__What this task involves__:
From the line containing "Marked: IT 52 R" to the last line of the records below, retype every line exactly and output nothing else.

----- Extracted entries -----

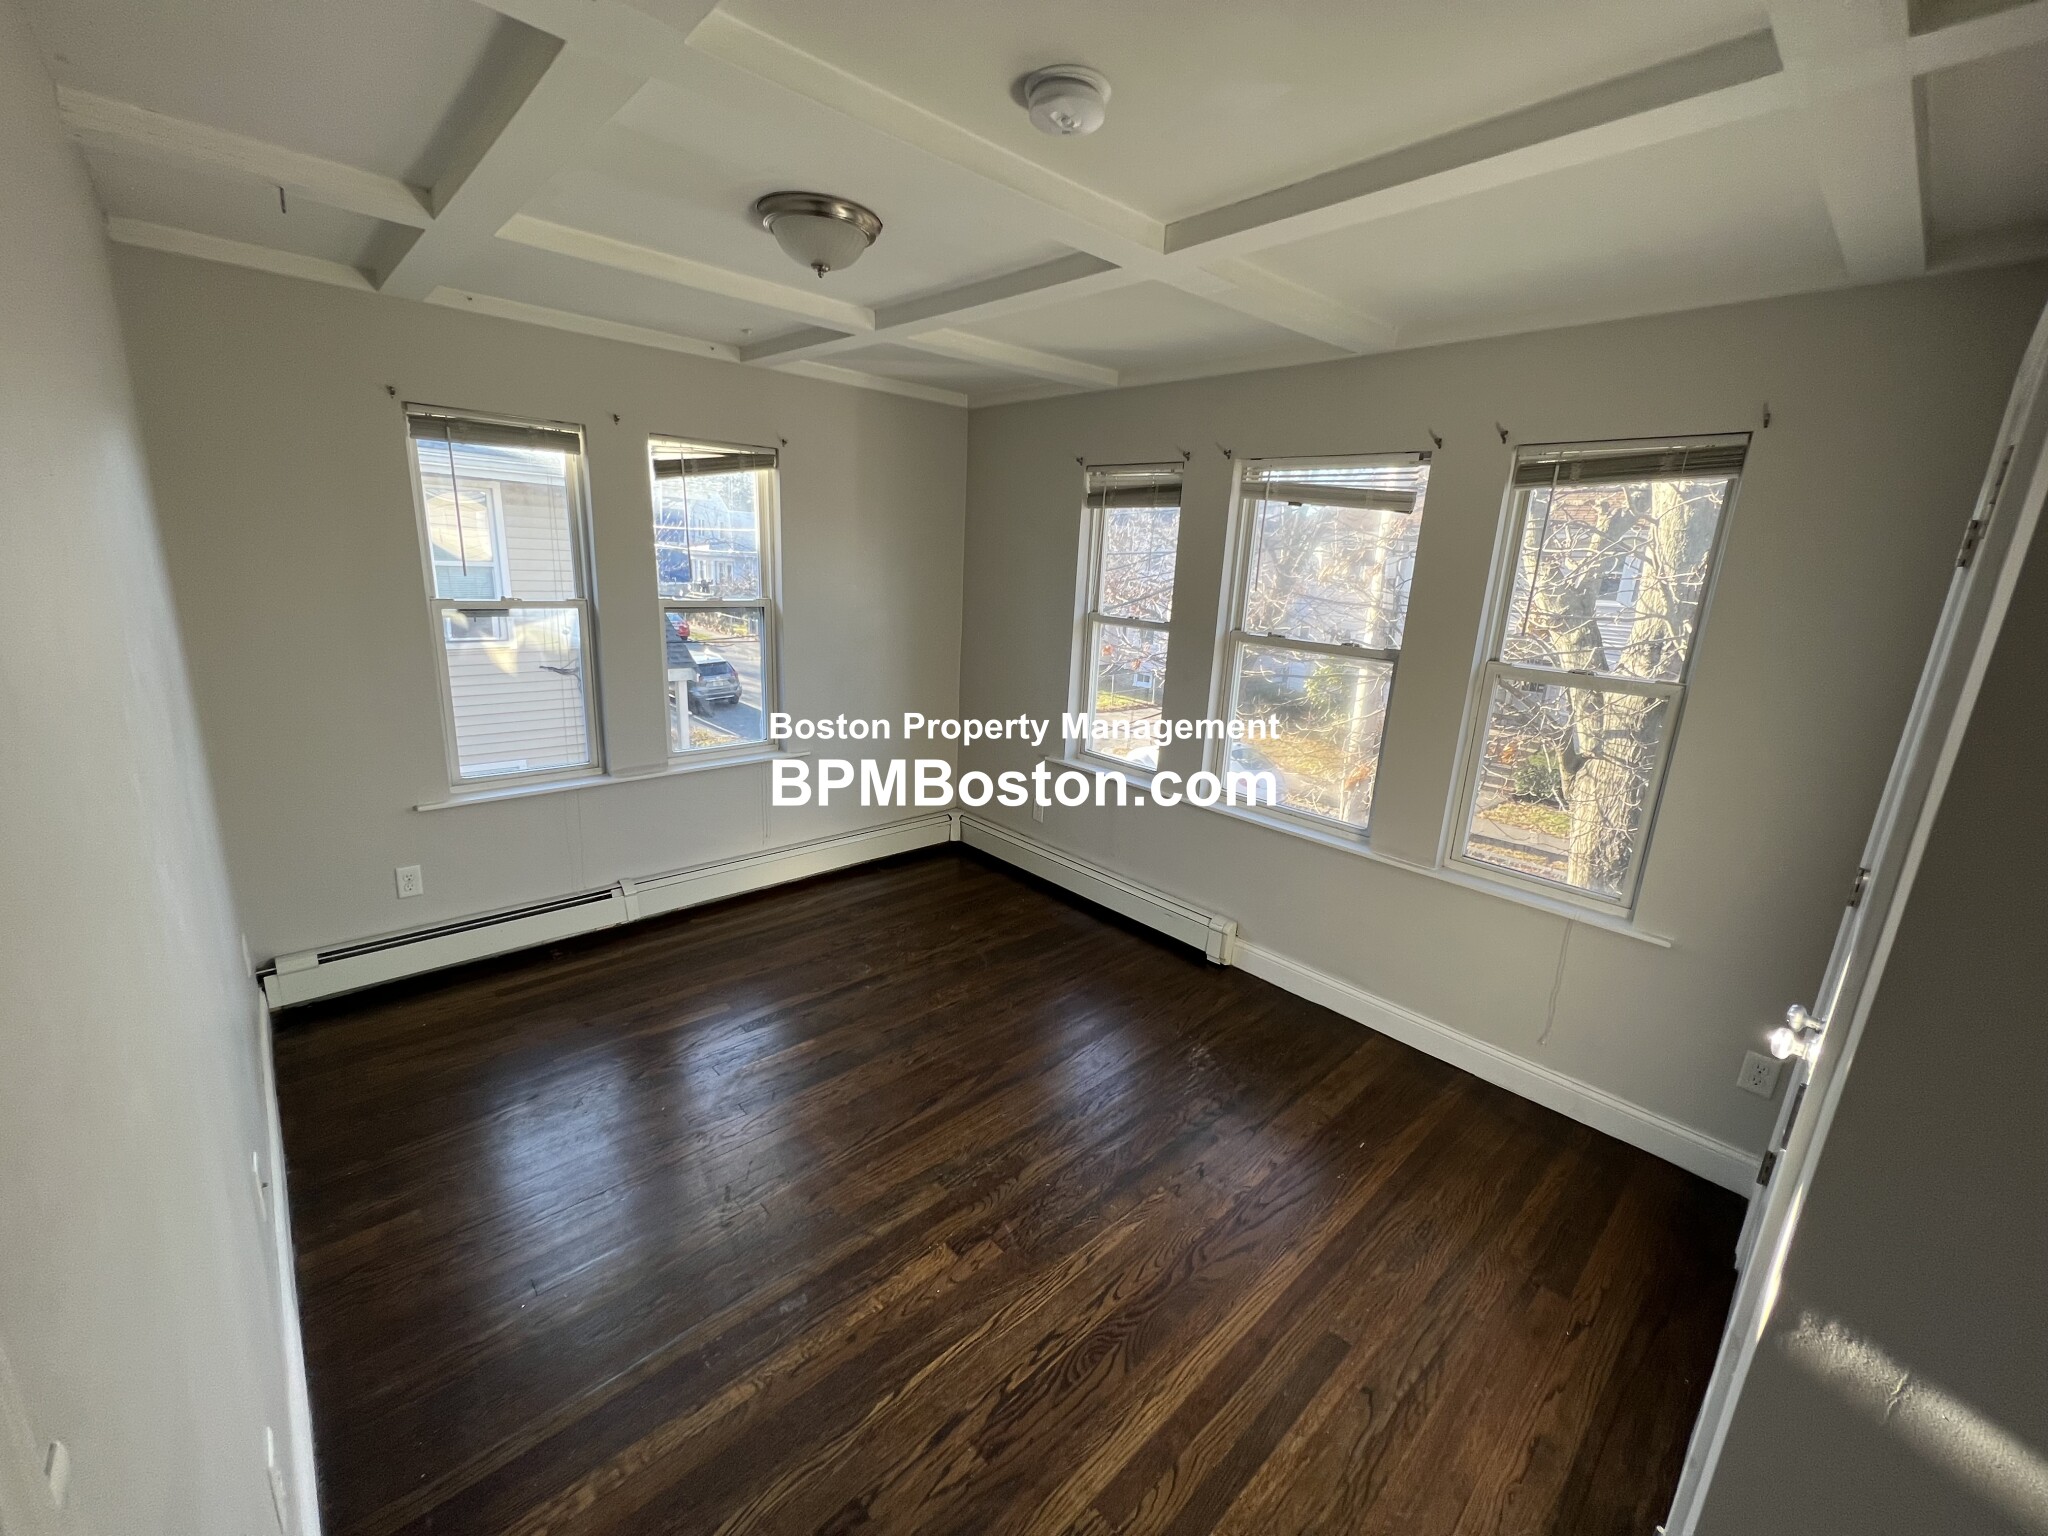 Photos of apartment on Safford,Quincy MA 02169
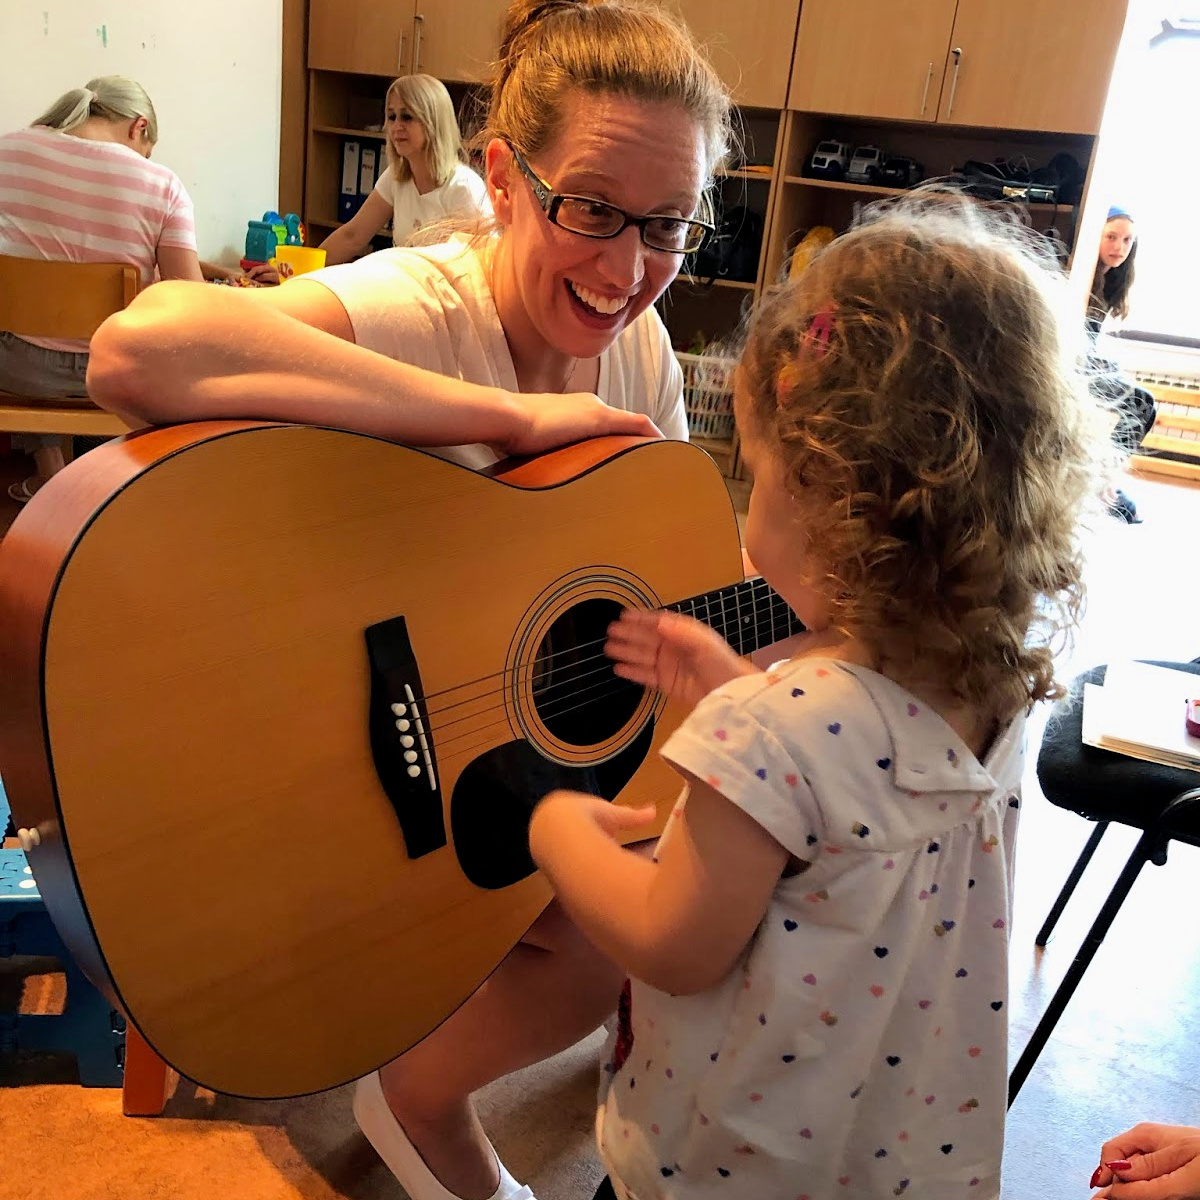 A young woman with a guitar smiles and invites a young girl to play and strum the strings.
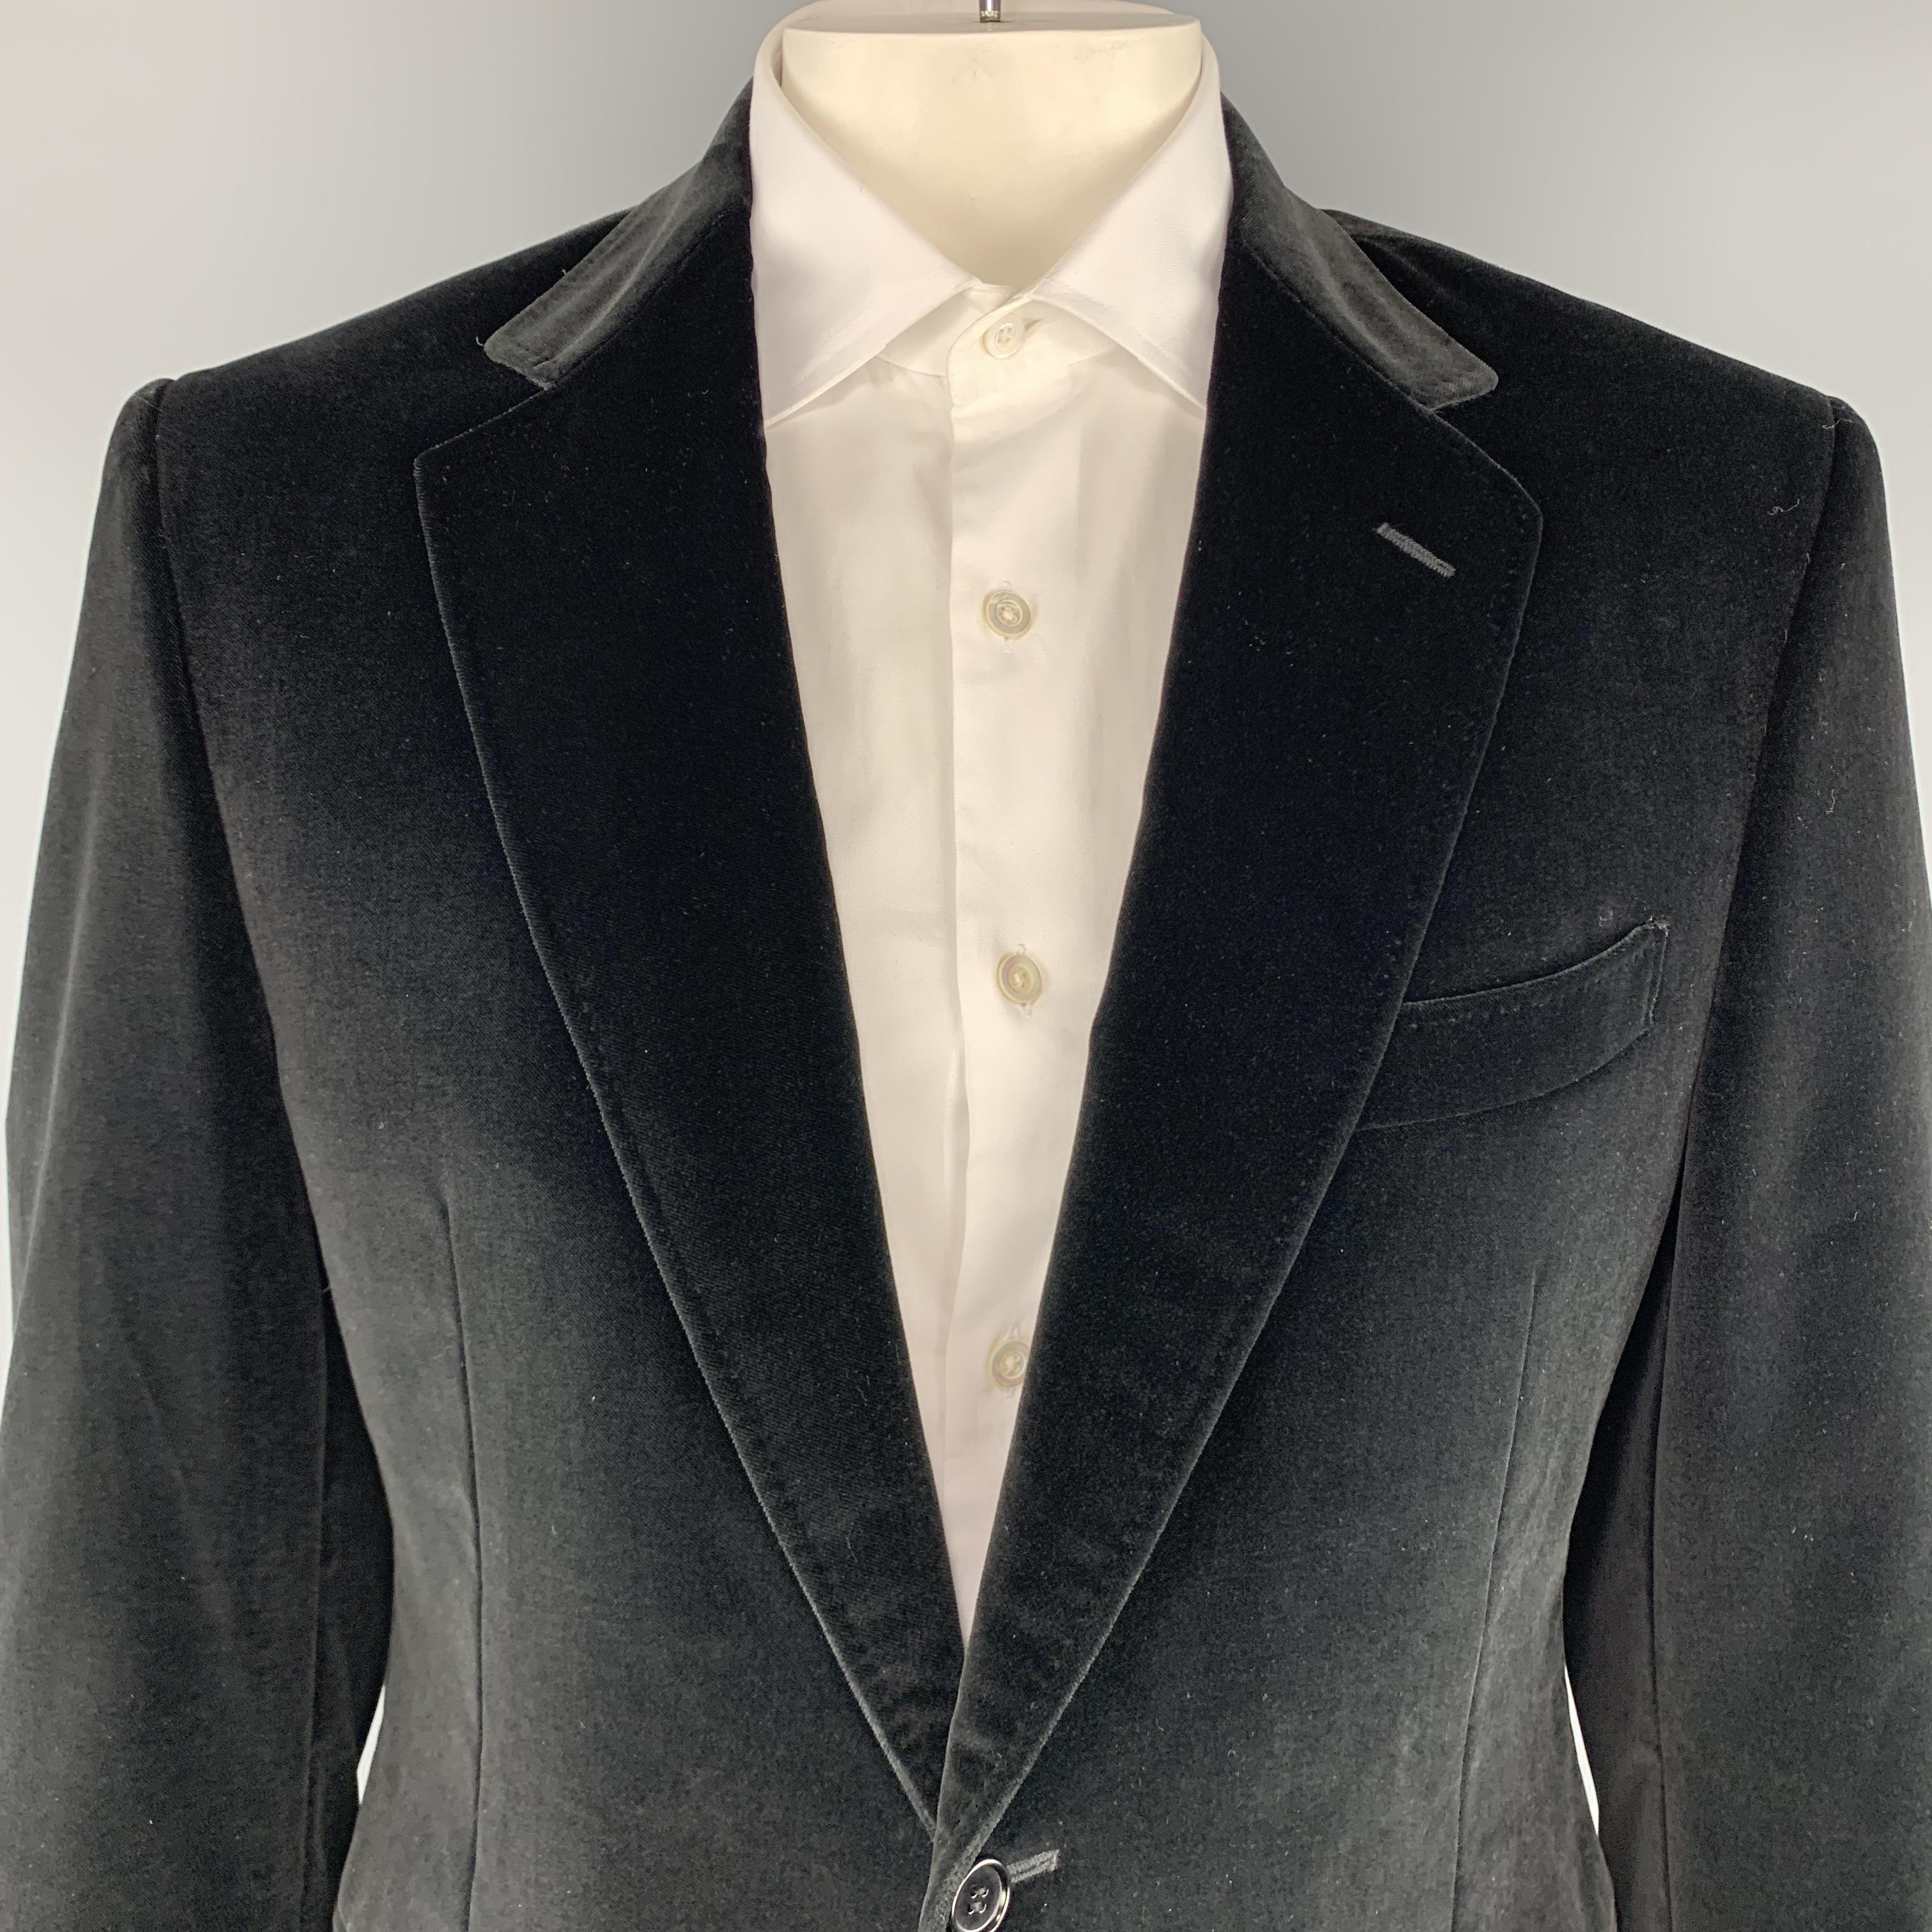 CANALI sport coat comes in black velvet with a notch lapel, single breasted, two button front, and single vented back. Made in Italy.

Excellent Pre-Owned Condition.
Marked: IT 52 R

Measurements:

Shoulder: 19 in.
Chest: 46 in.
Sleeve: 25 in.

-----

__Task answer__:
Marked: IT 52 R

Measurements:

Shoulder: 19 in.
Chest: 46 in.
Sleeve: 25 in.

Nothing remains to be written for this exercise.